以前、大工の奥さんが木造建築推奨の高知新聞に投稿をしておりましたが、是非とも住宅は、地域で賄うようにしたいものです。




住宅を建てるということは、その地域に一生を託すということであり、地域社会・経済に貢献できるようにすべきだと思います。




海外には景観規制と相まって地域で職人を支えるように、屋根に瓦や壁に漆喰など、大工や左官等の仕事を創出している国もあります。職人は、仕事があることで生活ができ、技術を磨き継承もできます。家の持ち主は、補修等が容易に、安くできるのです。このことでお互いの社会保障が成立っている訳です。

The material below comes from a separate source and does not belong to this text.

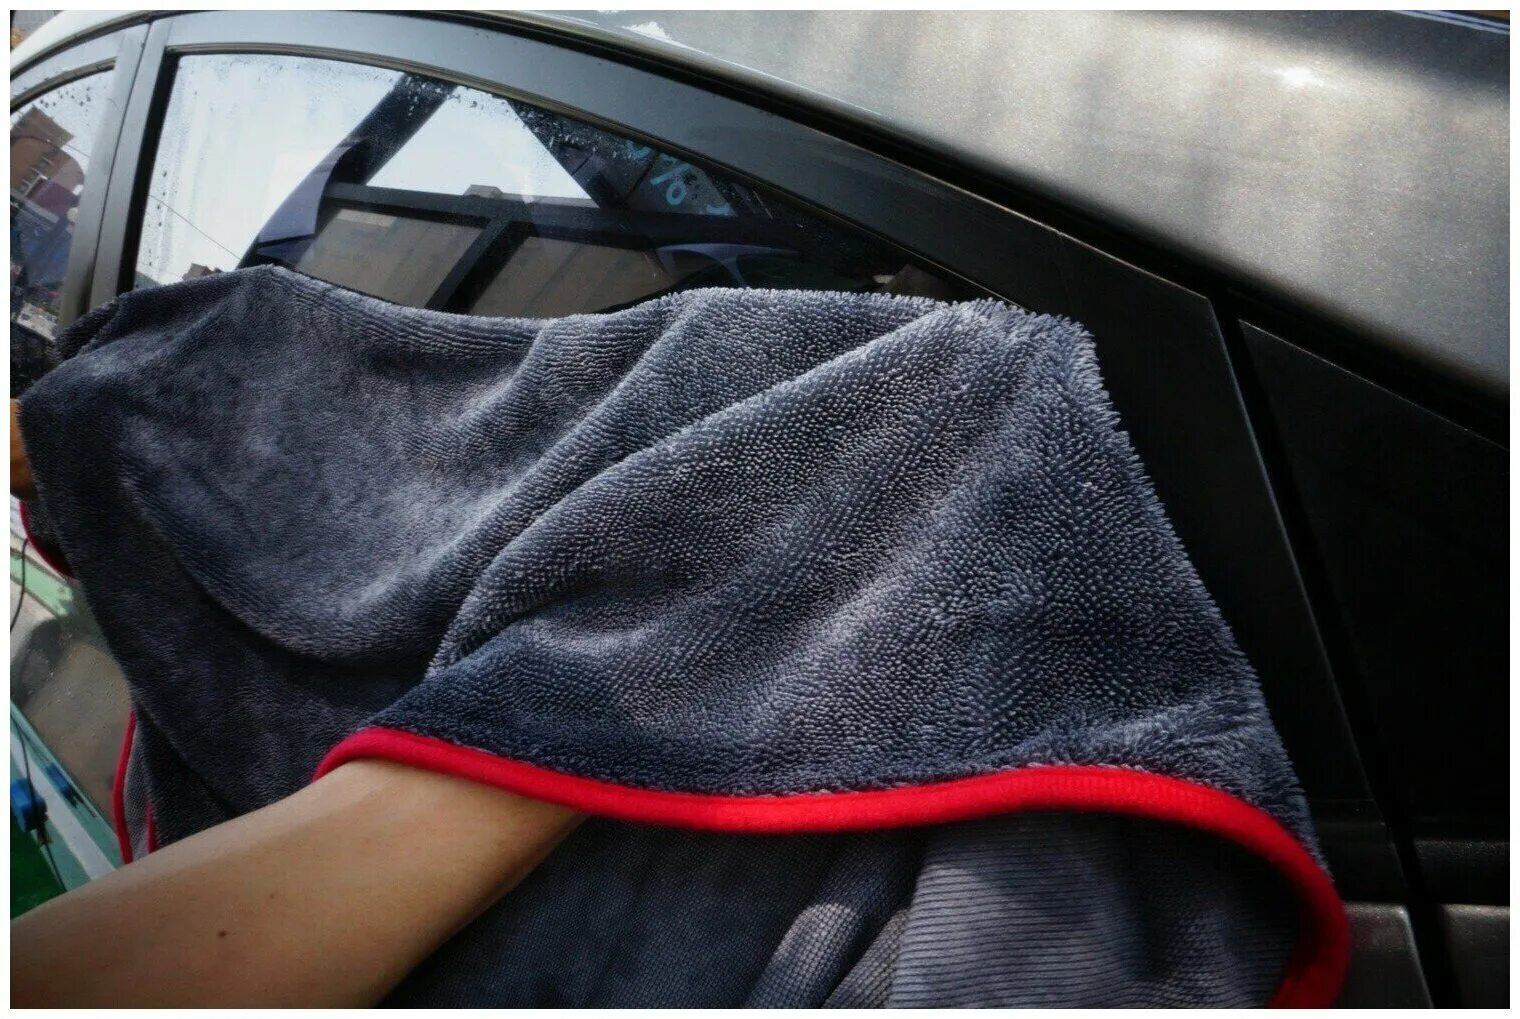 PURESTAR Twist Drying Towel, 50х60см. Микрофибровое полотенце для автомобиля. Микрофибра для автомобиля. Микрофибра для сушки автомобиля. Полотенце для сушки авто

近年わが国では、プレハブ住宅が猛威を振るっていますが、県外企業が多く、お金の多くは地域外へ流出し地域に残るのは僅かです。それ故、地域経済への貢献は多くありません。




その点、地域の工務店や大工であれば、お金の多くが地域で循環し、お金が回ればモノやサービスなどはお金とは逆方向に動きます。地域のモノは地域で賄うようにしたいのはそのためであり、その一つが地産地消です。




食物だけではなく、一生を託するに足りる地域にしてゆくためにも、地域の力で住宅も賄うよう考えて頂きたいものです。